Я улыбаюсь. Еще бы, как мне не знать немецкого.
– Selbstverständlich[31], – говорю я.
Я мог знать немецкий, а мог и не знать, но ей я говорю, само собой – знаю.
– Wo hast du’s gelernt?[32] – спрашивает девушка.
– Im Kazet[33].
Это неправда, я выучил немецкий не в лагере, я знал его раньше, но мне хочется донять эту девчонку.
– Wo denn?[34] – переспрашивает она с недоумением. Видно сразу – она не поняла.
Видно сразу – она не знает, что этими двумя буквами – KZ – называли у нее на родине концентрационные лагеря, что так называли их ее соотечественники, которые провели в них по десяти, а то и по двенадцати лет. Очевидно, она слыхом об этом не слыхала.
– Im Konzentrationslager. Schon davon gehört?[35] – спрашиваю я.
Я спрашиваю, слыхала ли она про концлагеря, – она пристально глядит на меня. Потом берет сигарету, закуривает. – Что это на тебя нашло? – спрашивает она по-французски.
– Ничего.
– Для чего ты это спрашиваешь?
– Чтобы знать, – говорю я.
– Что знать?
– Все. Не знать – слишком легко, – говорю я.
Она курит и молчит.
– Или прикидываться, будто не знаешь.
Она молчит.
– Или забыть. Забыть – слишком легко.
Она курит.
– Ты, например, могла бы быть дочерью доктора Хааса, – говорю я.

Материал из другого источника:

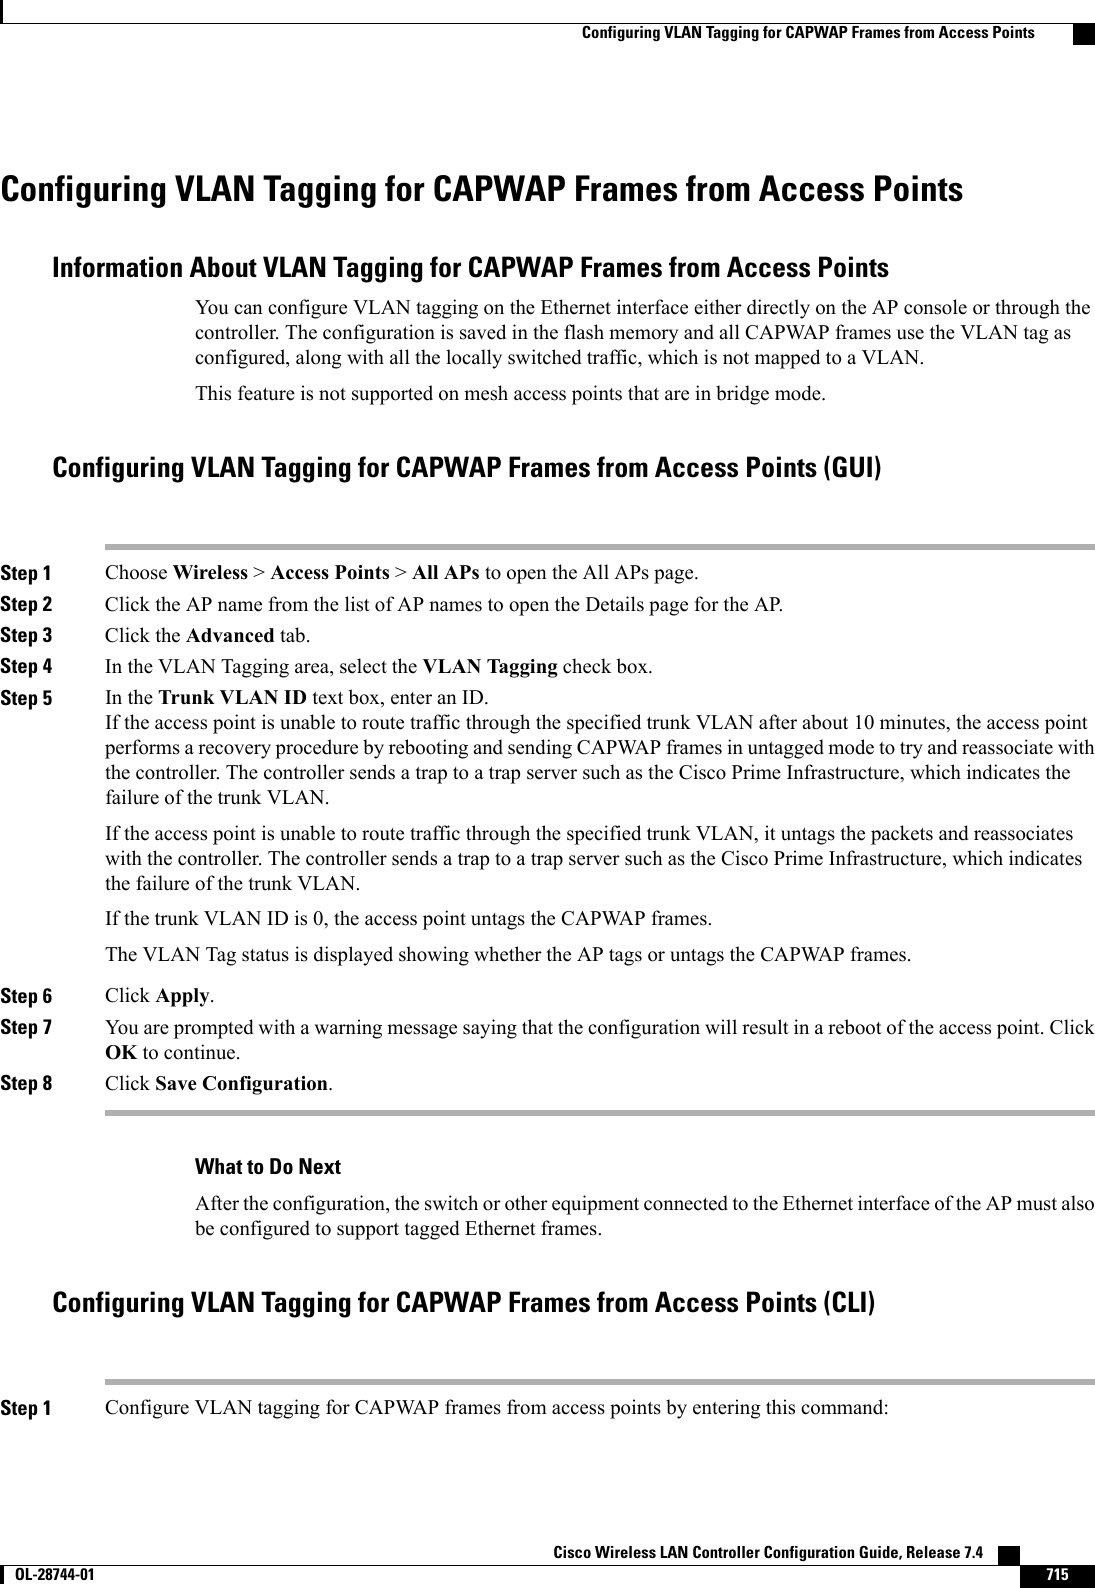 Configuring VLAN Tagging for CAPWAP Frames from Access PointsInformation About VLAN Tagging for CAPWAP Frames from Access PointsYou can configure VLAN tagging on the Ethernet interface either directly on the AP console or through thecontroller. The configuration is saved in the flash memory and all CAPWAP frames use the VLAN tag asconfigured, along with all the locally switched traffic, which is not mapped to a VLAN.This feature is not supported on mesh access points that are in bridge mode.Configuring VLAN Tagging for CAPWAP Frames from Access Points (GUI)Step 1 Choose Wireless &gt;Access Points &gt;All APs to open the All APs page.Step 2 Click the AP name from the list of AP names to open the Details page for the AP.Step 3 Click the Advanced tab.Step 4 In the VLAN Tagging area, select the VLAN Tagging check box.Step 5 In the Trunk VLAN ID text box, enter an ID.If the access point is unable to route traffic through the specified trunk VLAN after about 10 minutes, the access pointperforms a recovery procedure by rebooting and sending CAPWAP frames in untagged mode to try and reassociate withthe controller. The controller sends a trap to a trap server such as the Cisco Prime Infrastructure, which indicates thefailure of the trunk VLAN.If the access point is unable to route traffic through the specified trunk VLAN, it untags the packets and reassociateswith the controller. The controller sends a trap to a trap server such as the Cisco Prime Infrastructure, which indicatesthe failure of the trunk VLAN.If the trunk VLAN ID is 0, the access point untags the CAPWAP frames.The VLAN Tag status is displayed showing whether the AP tags or untags the CAPWAP frames.Step 6 Click Apply.Step 7 You are prompted with a warning message saying that the configuration will result in a reboot of the access point. ClickOK to continue.Step 8 Click Save Configuration.What to Do NextAfter the configuration, the switch or other equipment connected to the Ethernet interface of the AP must alsobe configured to support tagged Ethernet frames.Configuring VLAN Tagging for CAPWAP Frames from Access Points (CLI)Step 1 Configure VLAN tagging for CAPWAP frames from access points by entering this command:Cisco Wireless LAN Controller Configuration Guide, Release 7.4       OL-28744-01 715Configuring VLAN Tagging for CAPWAP Frames from Access Points

Она качает головой. – Я не дочь доктора Хааса.
– Но ты могла бы быть его дочерью.
– А кто такой доктор Хаас? – спрашивает она.
– Надеюсь, что его уже нет.
– В таком случае кто он был?
– Молодчик из гестапо.
Раздавив недокуренную сигарету, она смотрит на меня.
– За что ты на меня взъелся? – говорит она.
– Я не взъелся, я просто спрашиваю.
– Думаешь, я позволю тебе хамить?
– Ничего я не думаю. Я спрашиваю.
Она берет другую сигарету, закуривает. – Ну, валяй, – говорит она. И смотрит мне прямо в глаза.
– Так твой отец не доктор Хаас?
– Нет, – отвечает она.
– Он не служил в гестапо?
– Нет, – говорит она.
Она не отводит глаз.
– Так, может, он был эсэсовцем? – спрашиваю я.
– Тоже нет.
Тогда я начинаю хохотать – хохочу до упаду.
– Еще бы, и нацистом он никогда не был, – говорю.
– Не знаю.
Но тут мое терпение лопнуло.
– Как же, – говорю. – Вы ничего не знаете. Никто теперь ничего не знает. И гестапо на свете не было, и эсэсовцев не было, и дивизии «Мертвая голова» тоже. Все это мне приснилось во сне.
Впрочем, в этот вечер я уже не могу разобрать, что мне приснилось: то, что было раньше, или то, что происходит теперь.
– «Не пробуждайте нынче ночью спящих», – говорю я.
– А это что? – спрашивает Зигрид.
– Стихи.
– Таких коротких стихов не бывает, – говорит она. Я улыбаюсь ей.
– Die deutsche Gründlichkeit, die deutsche Tatsächlichkeit[36]. Туда их растуда, ваши немецкие добродетели!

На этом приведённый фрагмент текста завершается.